Con lo visto hasta aquí proponemos reservar el término «violencia» para algunas de las conductas agresivas exclusivamente humanas. Preferimos llamar simplemente «agresión» a las conductas agresivas u hostiles de los animales. Es obvio que en la vida salvaje se producen ataques con fuerza y daños, ataques violentos podríamos decir, pero su carácter predominantemente determinado por los parámetros biológicos y del ecosistema permitiría diferenciarlas de los ataques con fuerza y daños propios de los seres humanos.

Es por ello que estamos de acuerdo con Gómez y López (1999) cuando apuntan a que la violencia es la antítesis de la agresión.
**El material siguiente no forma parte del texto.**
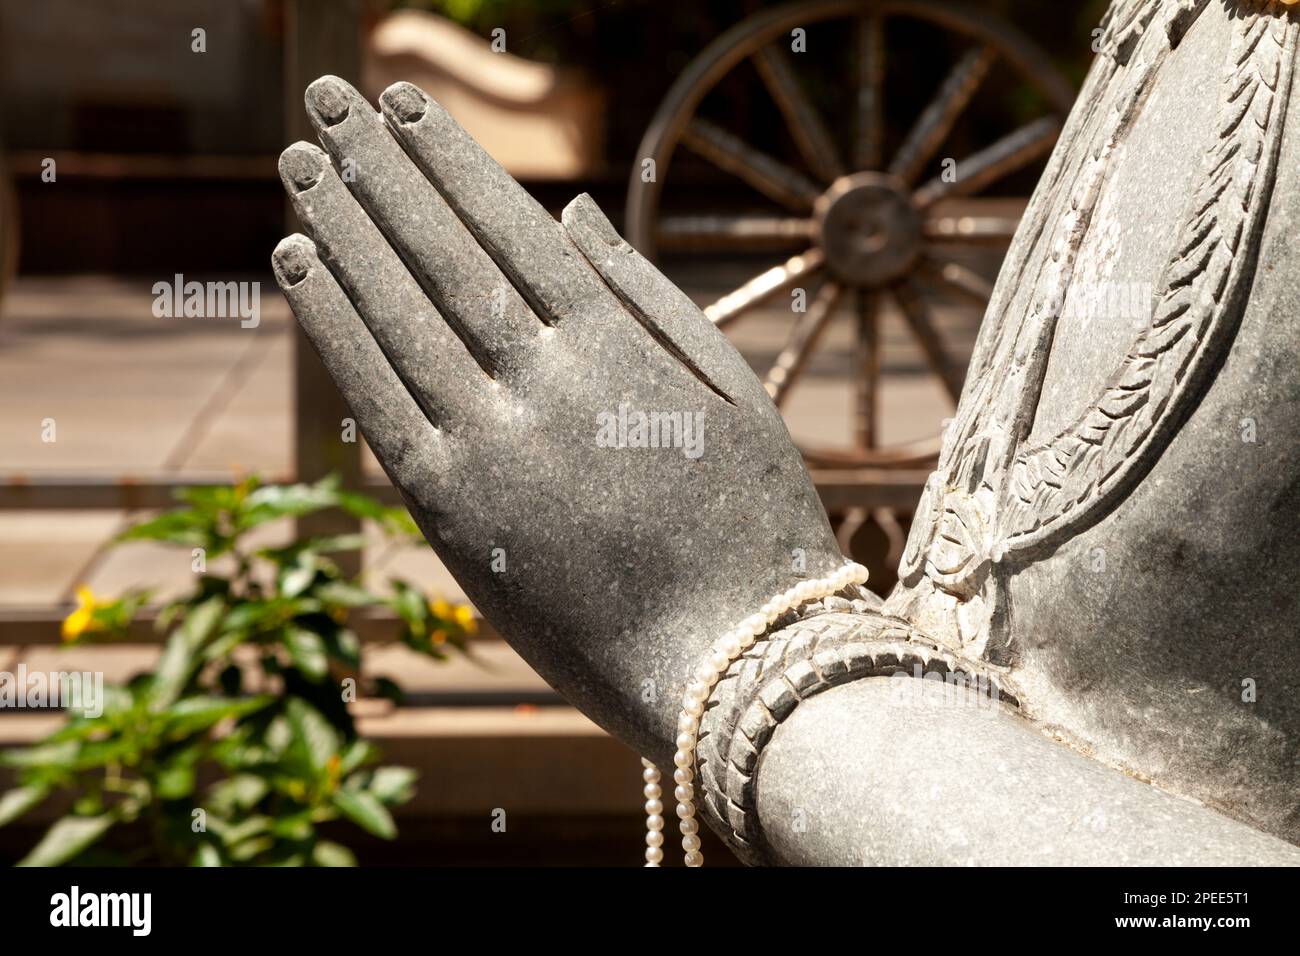 Geschnitzte Steinstatue Hände aus nächster Nähe in einem buddhistischen Tempel mit dem Rad des Lebens im Hintergrund. Religiöse Skulpturen, eine Person, die eine Mudra macht Stockfoto

En primer lugar, porque los animales no pueden tener la intención de herir, humillar, abusar, robar, ultrajar, torturar a otro ser vivo. Podría considerarse que sí existe el deseo de matar, puesto que, pongamos por caso, la leona mata a la cebra para comérsela. Pero la leona no posee el concepto de vida o muerte, ni sabe de su significado e irreversibilidad. En segundo lugar, porque tales actos, en el ser humano, no poseen ningún valor adaptativo ni de supervivencia y, por tanto, son evitables. La leona no tiene opción, el ser humano sí7.

Nos aventuramos, por tanto, a concluir que la violencia es estrictamente humana, forma parte solo de la condición humana, no de la animal. La violencia natural, que se da en el reino animal, es agresión y se entiende mejor bajo el concepto general de agresividad.

Así pues, proponemos una definición estipulativa de violencia que reza así:

La violencia es una interacción relacional humana, basada en la agresividad alterada por factores socioculturales, que emplea algún tipo de fuerza, por acción u omisión, y que no es defensiva, sino intencional, atacante y dañina.

Aprovechamos este momento para comentar uno de los tópicos más extendidos con respecto a la violencia, aquel que reza que «la violencia es inútil» o que «con la violencia no se consigue nada». La realidad histórica y política desmiente este dicho y demuestra, como señala Arteta (2010) que la violencia, al infundir miedo, es un arma de lo más eficaz.